**Your instructions:**
Below is a listing with pictures. Repeat exactly the lines starting at the one holding "image relating to" and going on through the one holding "SAT, Ministerialprotokoller, klokkerbøker", and leave every picture out.
─── Material for the task
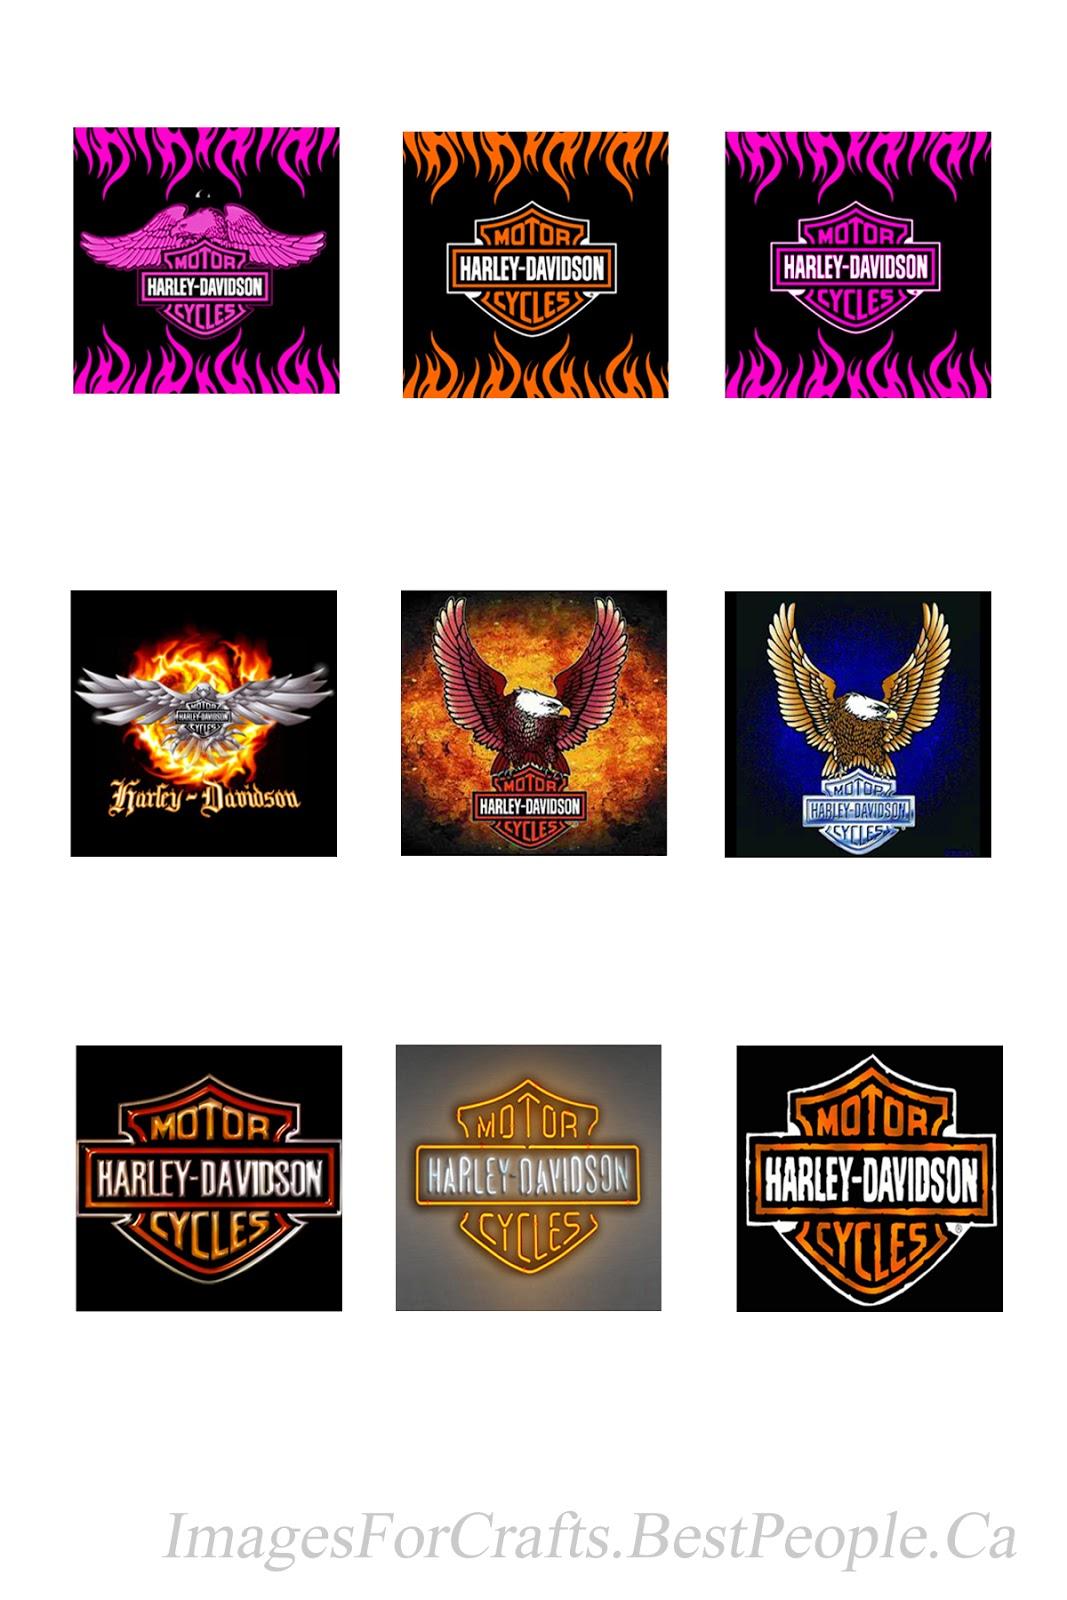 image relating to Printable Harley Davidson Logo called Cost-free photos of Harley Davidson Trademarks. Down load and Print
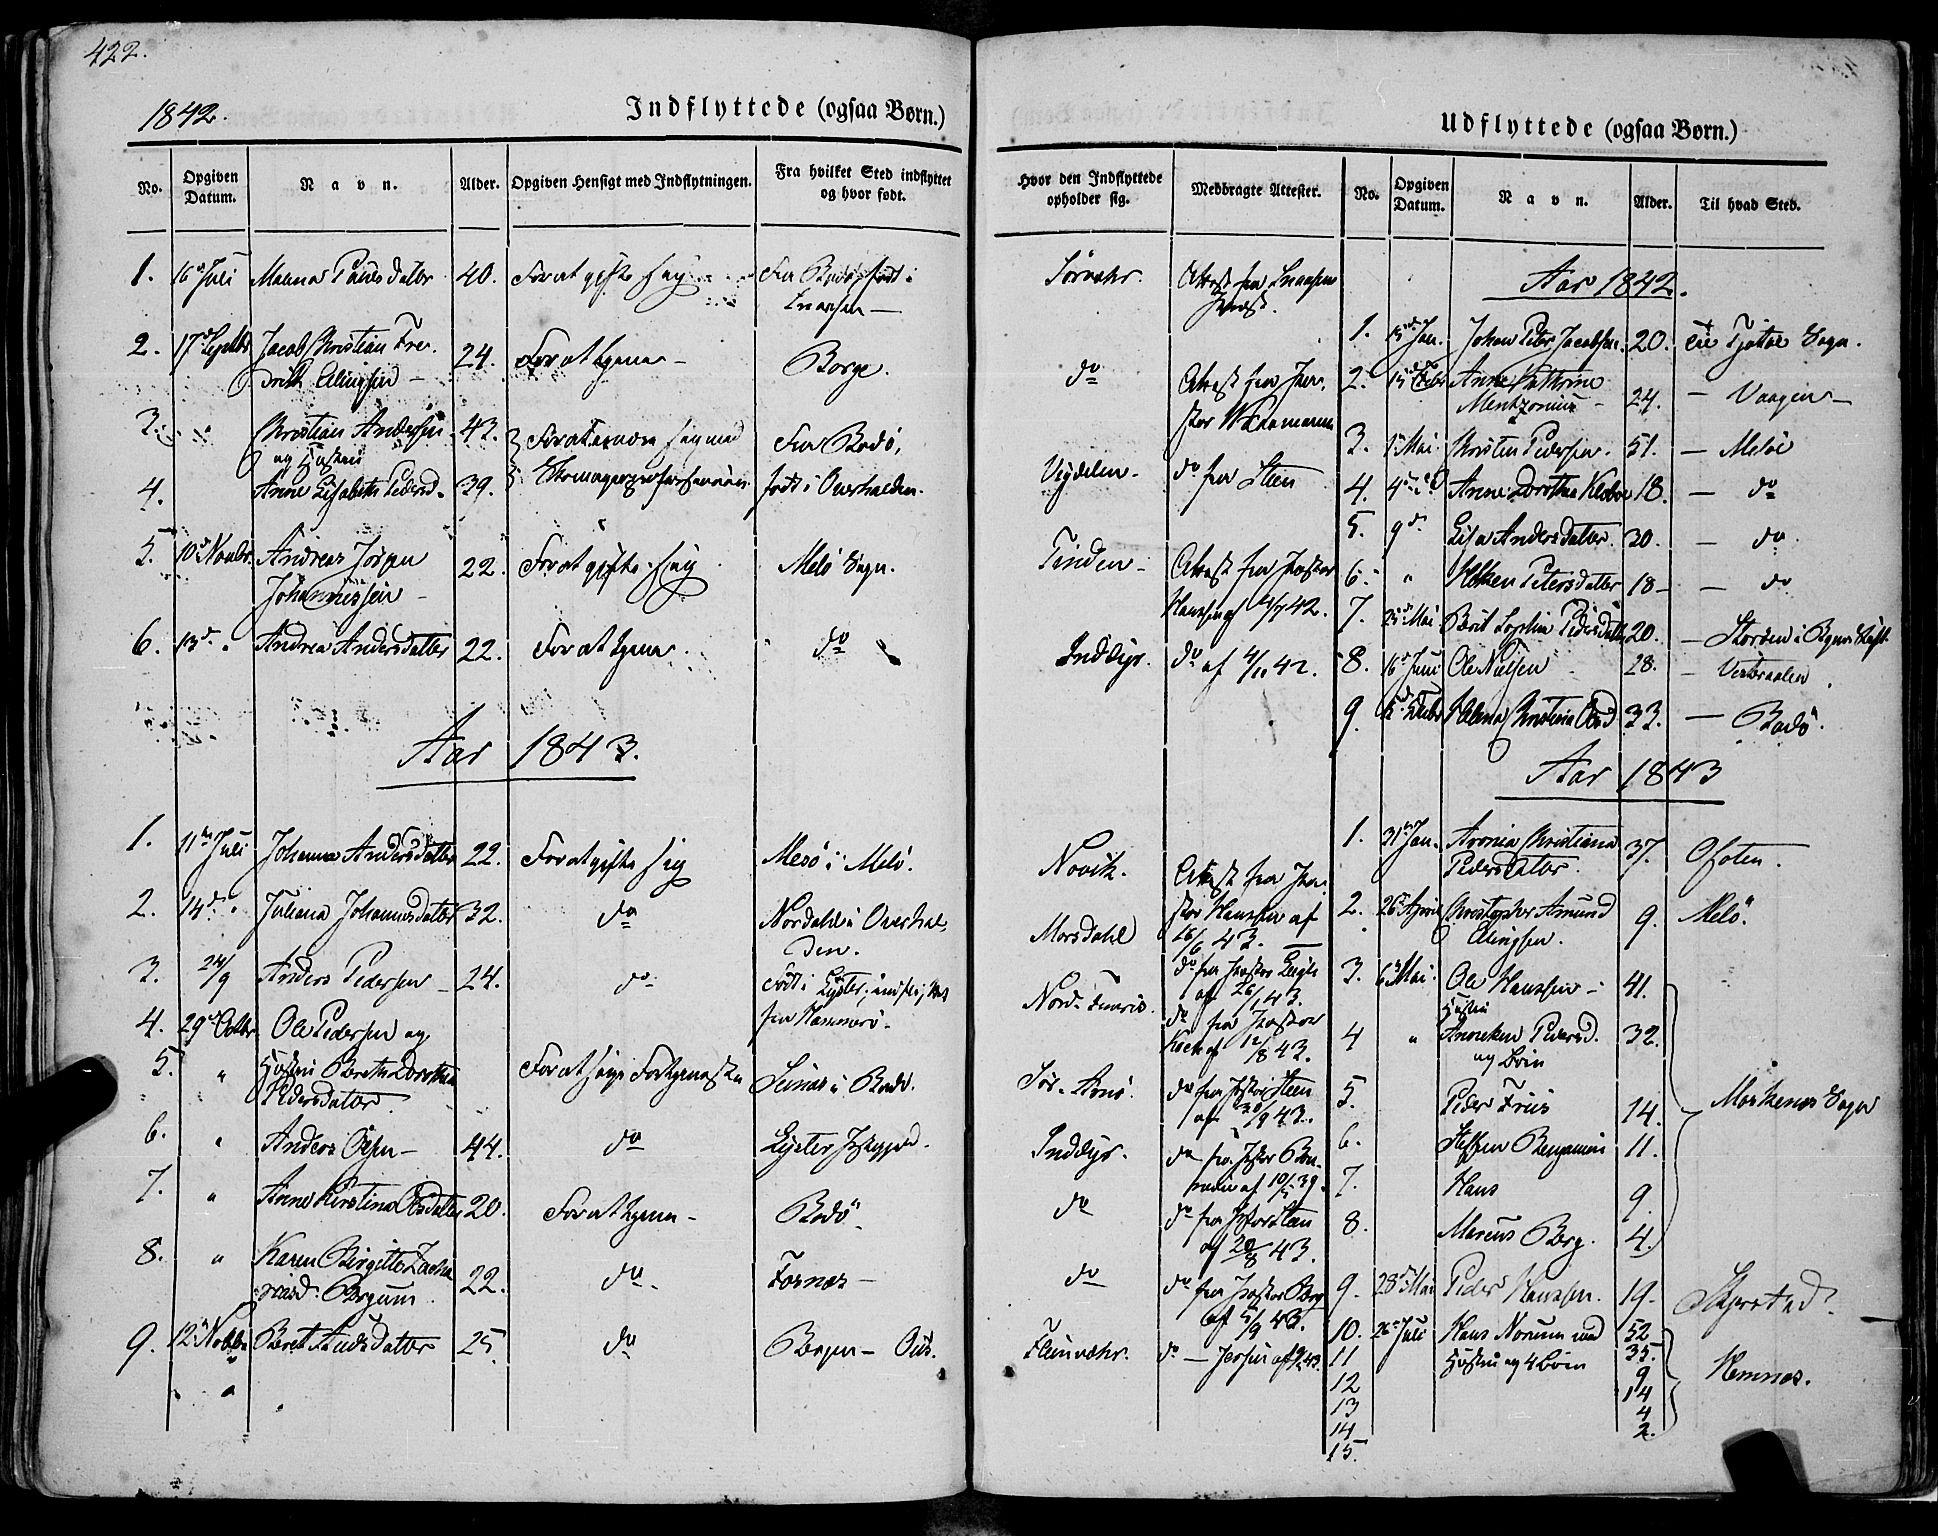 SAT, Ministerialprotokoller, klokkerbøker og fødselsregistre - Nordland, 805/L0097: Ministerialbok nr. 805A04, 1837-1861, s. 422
──────
─── Material for the task
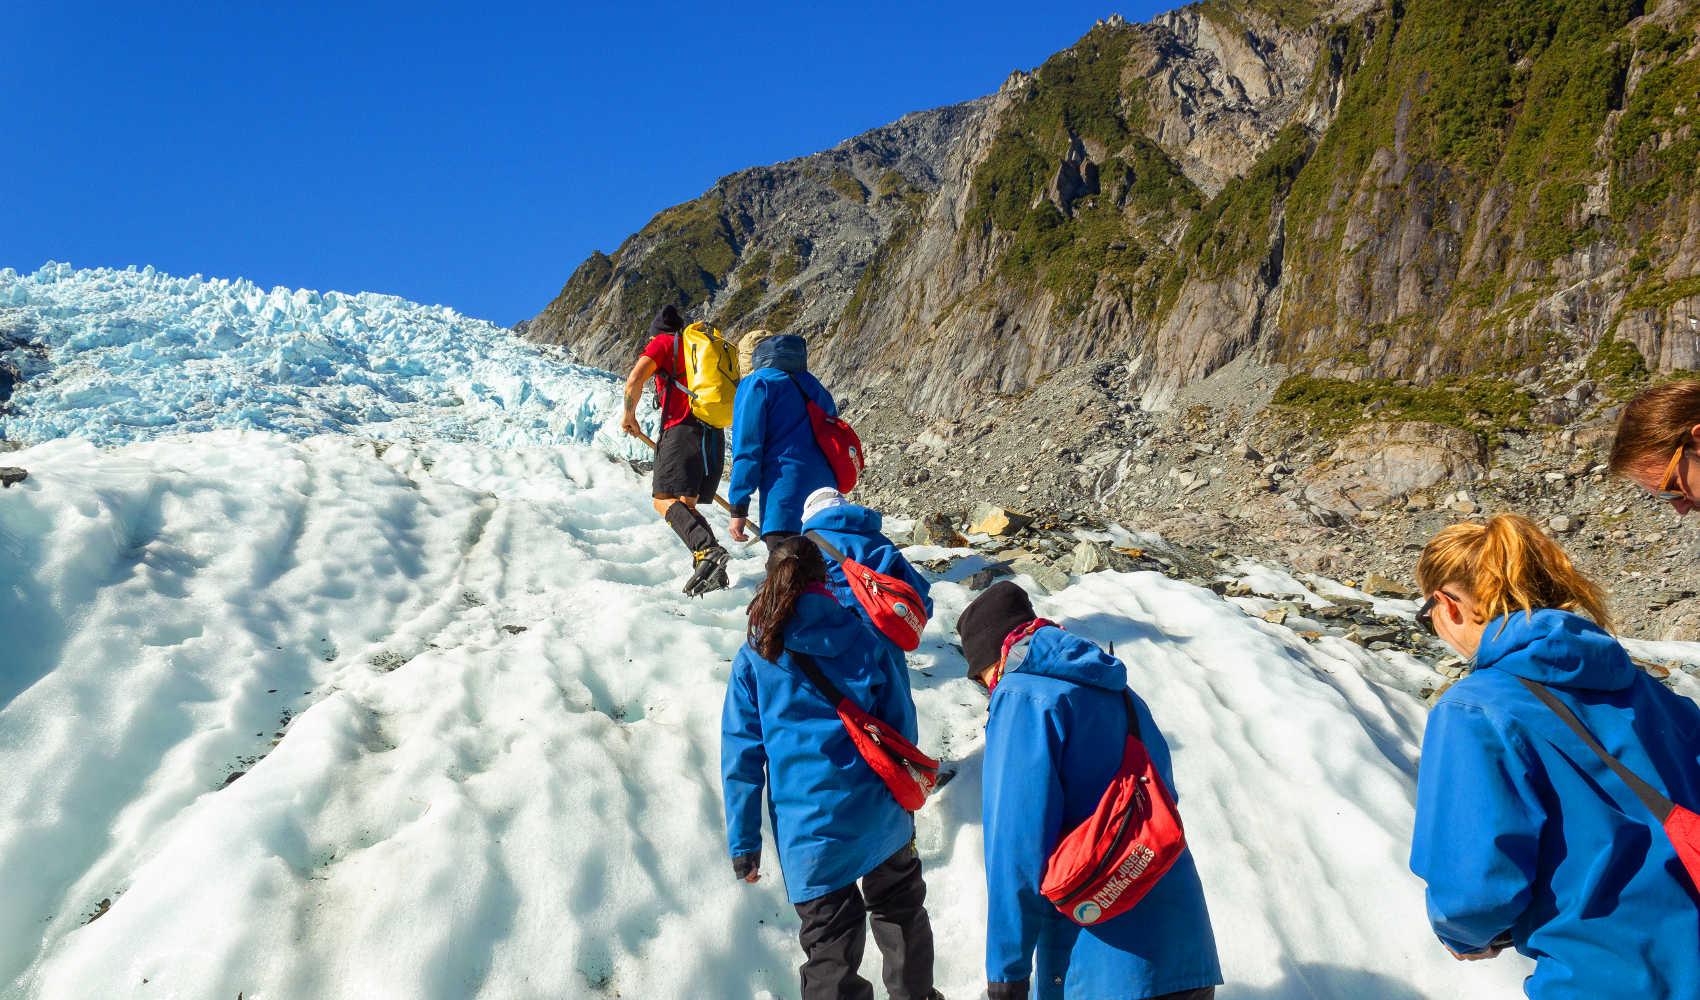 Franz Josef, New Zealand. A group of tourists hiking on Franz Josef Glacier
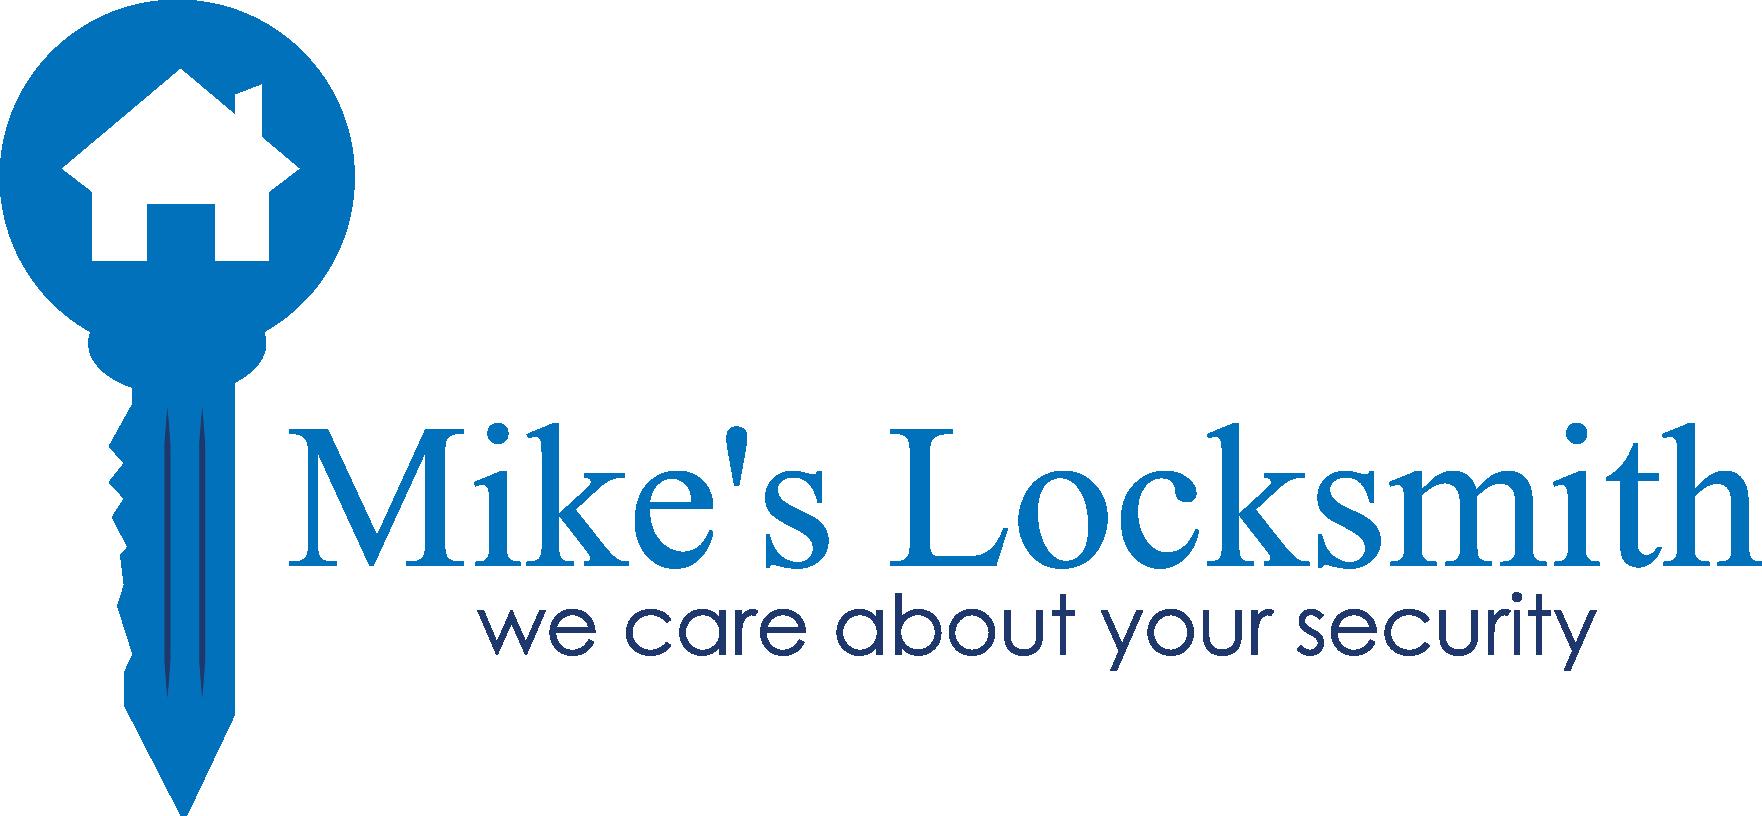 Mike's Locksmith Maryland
──────
**Result:**
 image relating to Printable Harley Davidson Logo called Cost-free photos of Harley Davidson Trademarks. Down load and Print
 SAT, Ministerialprotokoller, klokkerbøker og fødselsregistre - Nordland, 805/L0097: Ministerialbok nr. 805A04, 1837-1861, s. 422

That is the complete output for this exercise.